From the data below, return only the lines from the one with "Jennifer Hayden career path video" through the one with "Florida City FL-Florida, Keys", exact and inclusive, with pictures left out.

──────── Exercise data

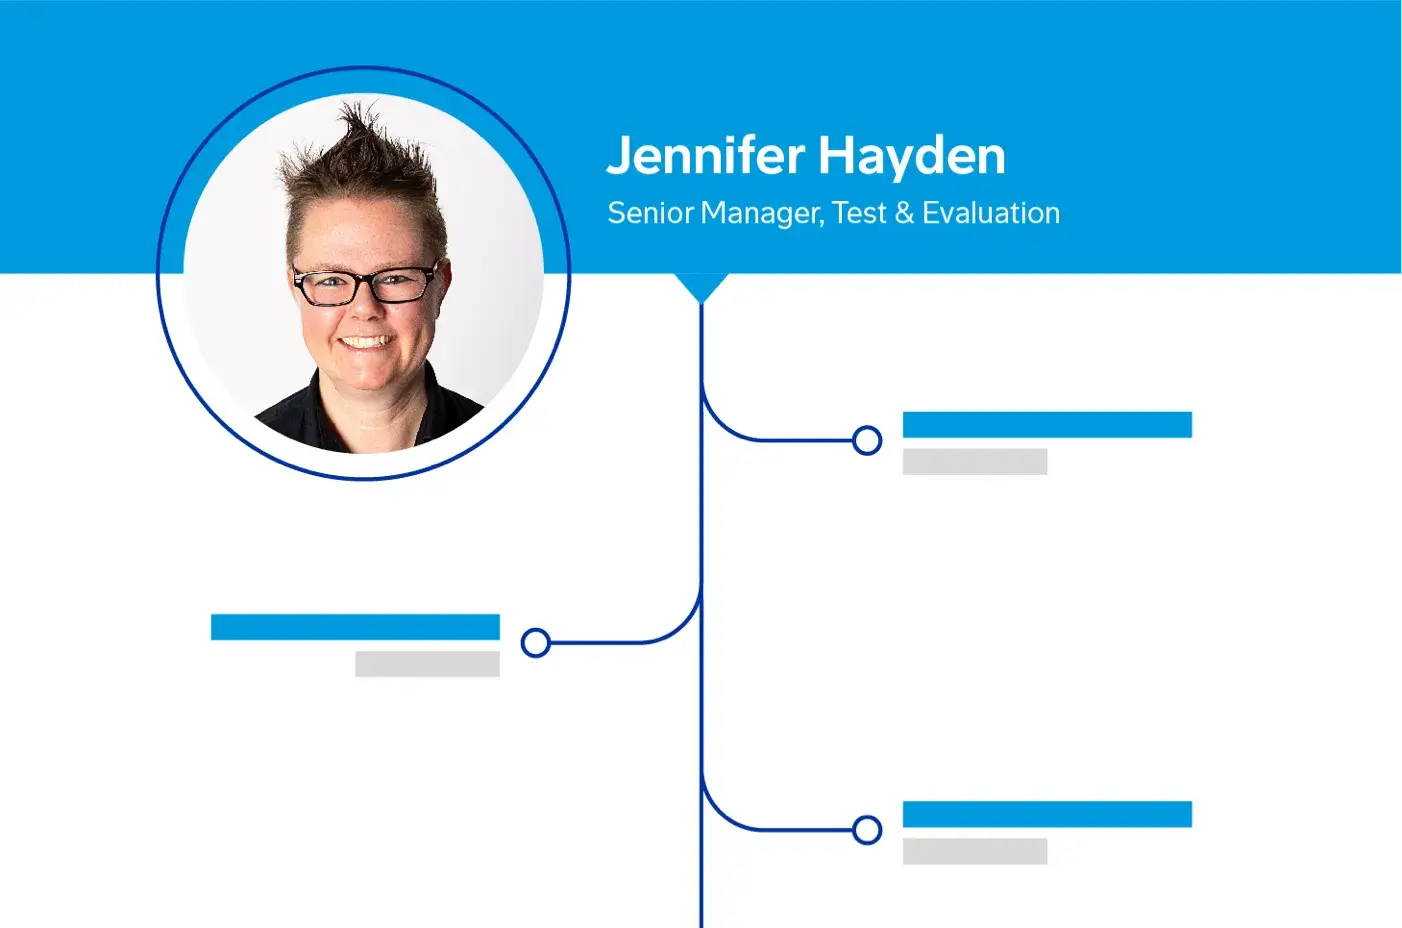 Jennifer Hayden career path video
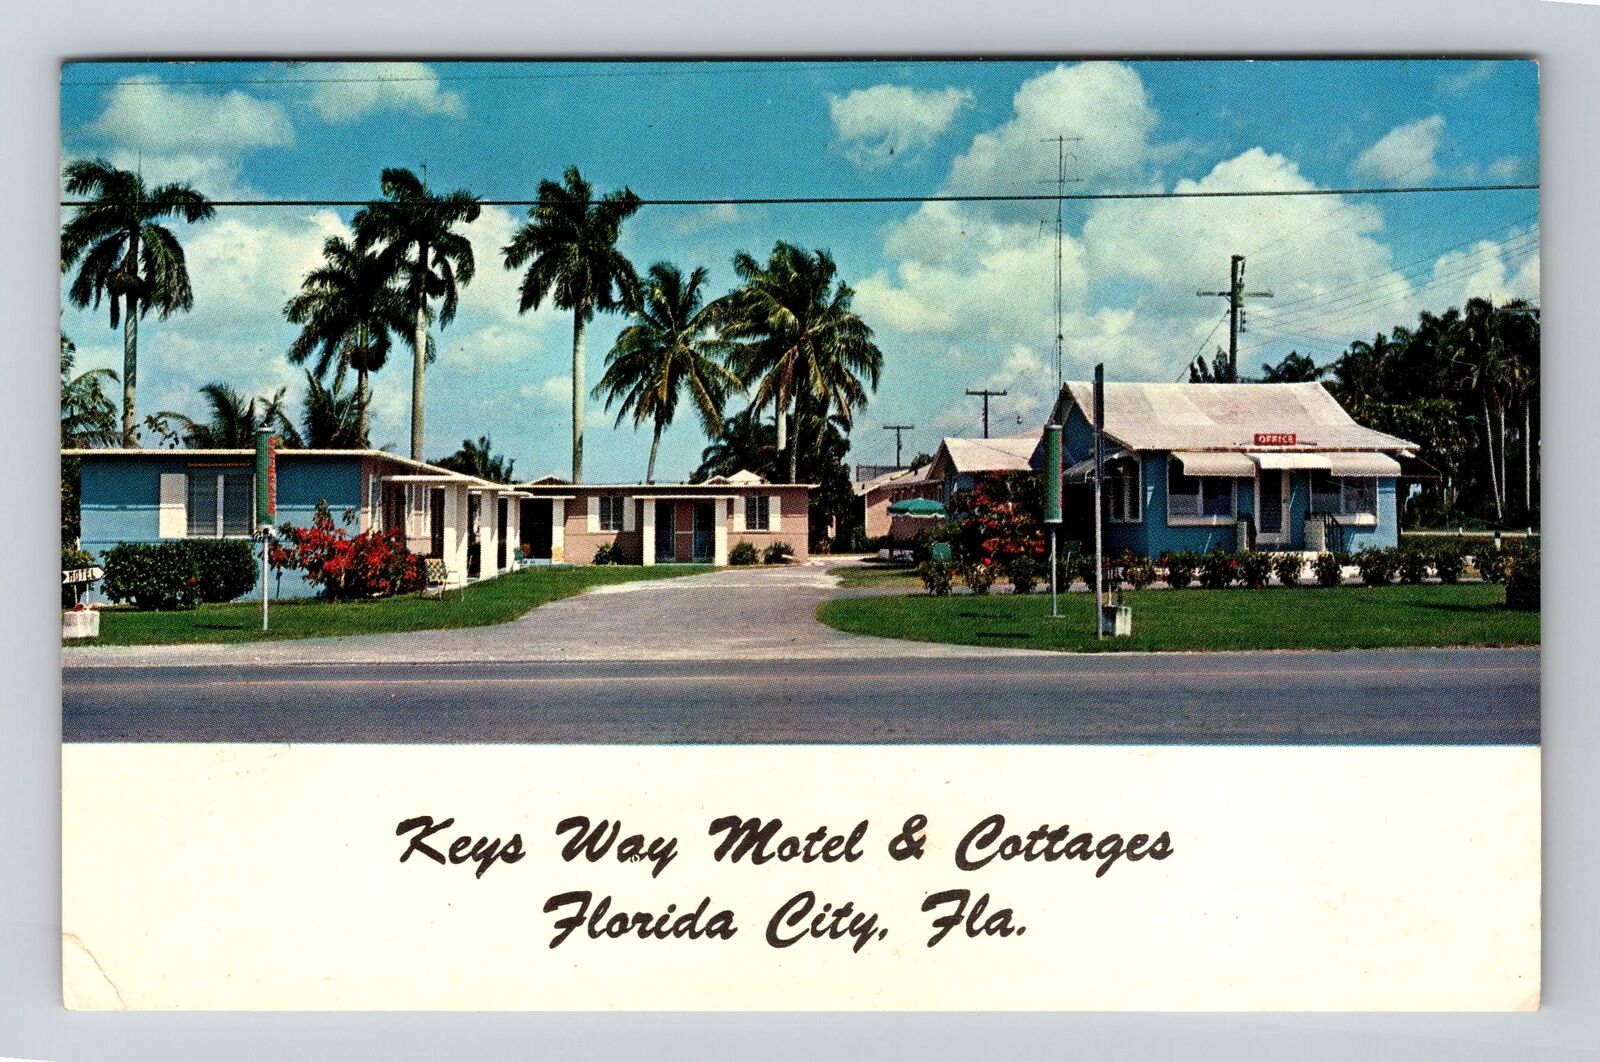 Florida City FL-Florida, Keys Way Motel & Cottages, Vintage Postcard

────────────────
──────── Exercise data

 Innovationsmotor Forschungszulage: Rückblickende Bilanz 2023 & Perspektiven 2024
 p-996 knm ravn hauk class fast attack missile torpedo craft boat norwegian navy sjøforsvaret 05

────────────────

* **Task answer**
 Jennifer Hayden career path video
 Florida City FL-Florida, Keys Way Motel & Cottages, Vintage Postcard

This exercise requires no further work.